Marvell Technology Soars on Strong AI Chip Demand
Record High Stock Price
Marvell Technology’s stock surged 12% in pre-market trading on Wednesday, following a stellar forecast for the fourth quarter. The chipmaker’s shares have been on a tear this year, rising nearly 60% as investors bet big on the growing demand for advanced chips that power sophisticated generative AI models.
Custom AI Chips Drive Growth
The Santa Clara, California-based company’s custom artificial intelligence chips have been in high demand from businesses looking to develop cutting-edge AI models. This has led to a significant increase in revenue, with Marvell forecasting $1.80 billion in fourth-quarter revenue, beating analysts’ estimates of $1.65 billion.
Reducing Dependence on Nvidia
Big Tech companies have been seeking to reduce their reliance on Nvidia’s supply-constrained semiconductors, which has benefited companies like Marvell. Marvell helps large cloud computing companies design custom-built processors, a business that has grown rapidly since its inception in 2020.
Growing Market for Custom Chips
According to Marvell’s Chief Operations Officer, Chris Koopmans, the total market for custom chips could reach $45 billion by 2028, with Marvell and Broadcom expected to be the main beneficiaries. Research firm 650 Group estimates that the data center custom chip market will grow to $10 billion this year.
Data Center Segment Sees Significant Growth
Marvell’s data center segment saw revenue double to $1.10 billion in the third quarter, compared to the same period last year. Total quarterly revenue was $1.52 billion, beating estimates of $1.46 billion.
AI Chip Sales Expected to Soar
The company expects its AI chip sales to hit $2.5 billion by fiscal 2026, with revenue derived from custom AI chips alone expected to be between $2.5 billion and $3 billion in 2025. Optical equipment is expected to add another $1.5 billion to $2 billion to AI revenue.

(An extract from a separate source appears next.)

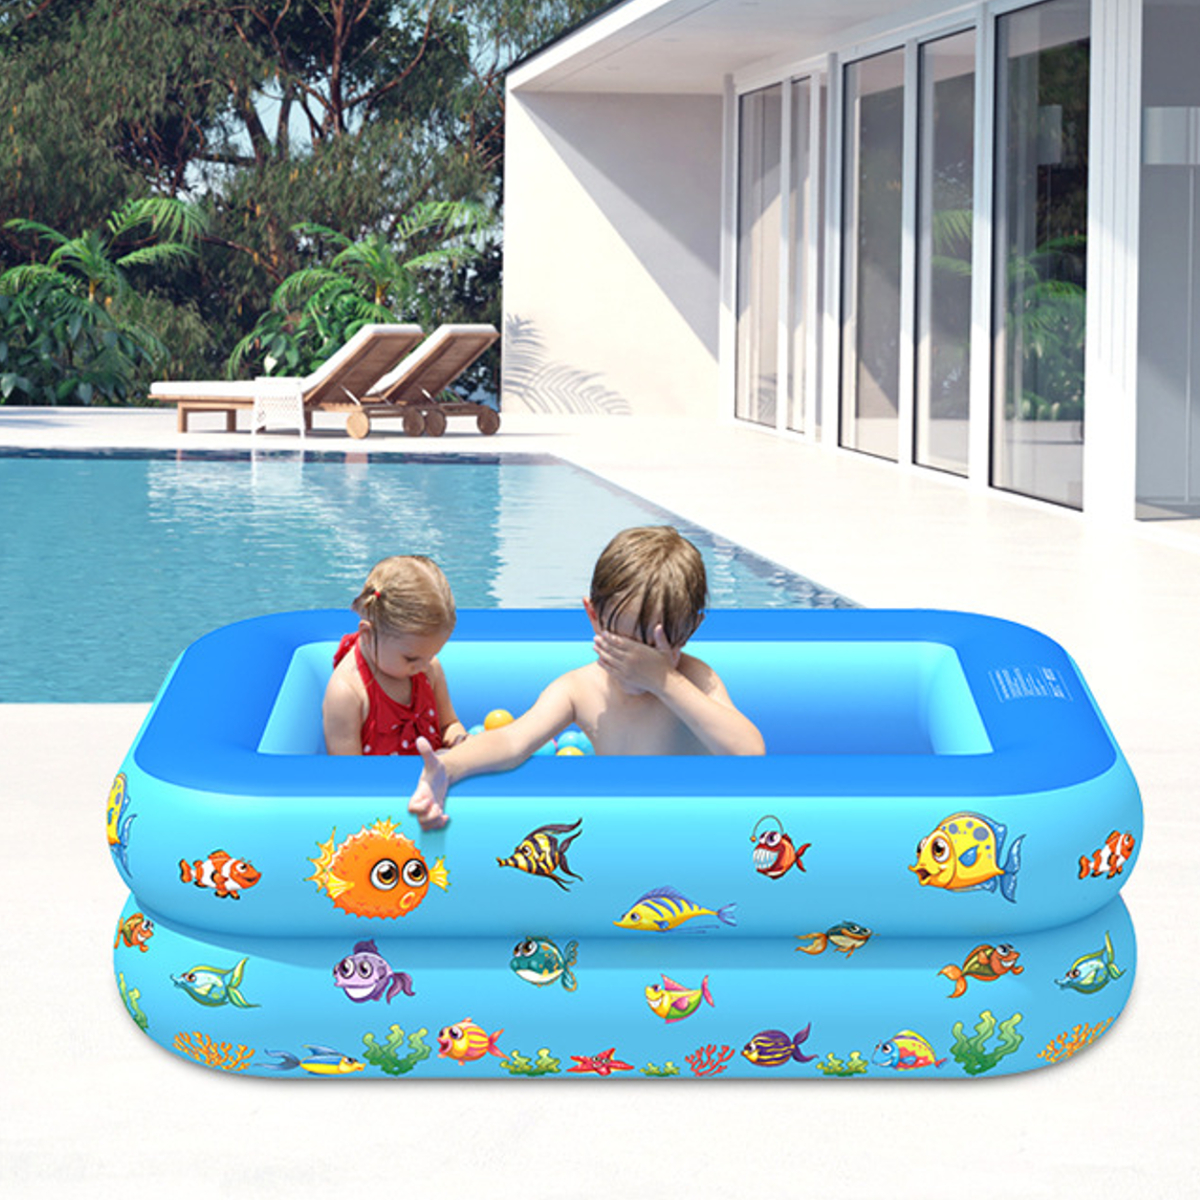 Inflatable-Swimming-Pool-Garden-Outdoor-PVC-Paddling-Pools-Kid-Game-Pool-1707398-10

Challenges in Other End-Markets
While the AI chip business grows, customers in other end-markets, such as wireless carriers, have been driving down chip inventory after excessive buying during the pandemic. Marvell’s enterprise networking segment posted a 44% fall in revenue, and its carrier infrastructure revenue slumped 73%.
Adjusted Gross Margin Forecast
The company forecast an adjusted gross margin of 60% for the fourth quarter, compared to estimates of 61%. Its custom chips typically carry lower margins than its off-the-shelf products. Marvell recorded adjusted earnings of 43 cents per share in the third quarter, beating estimates of 41 cents.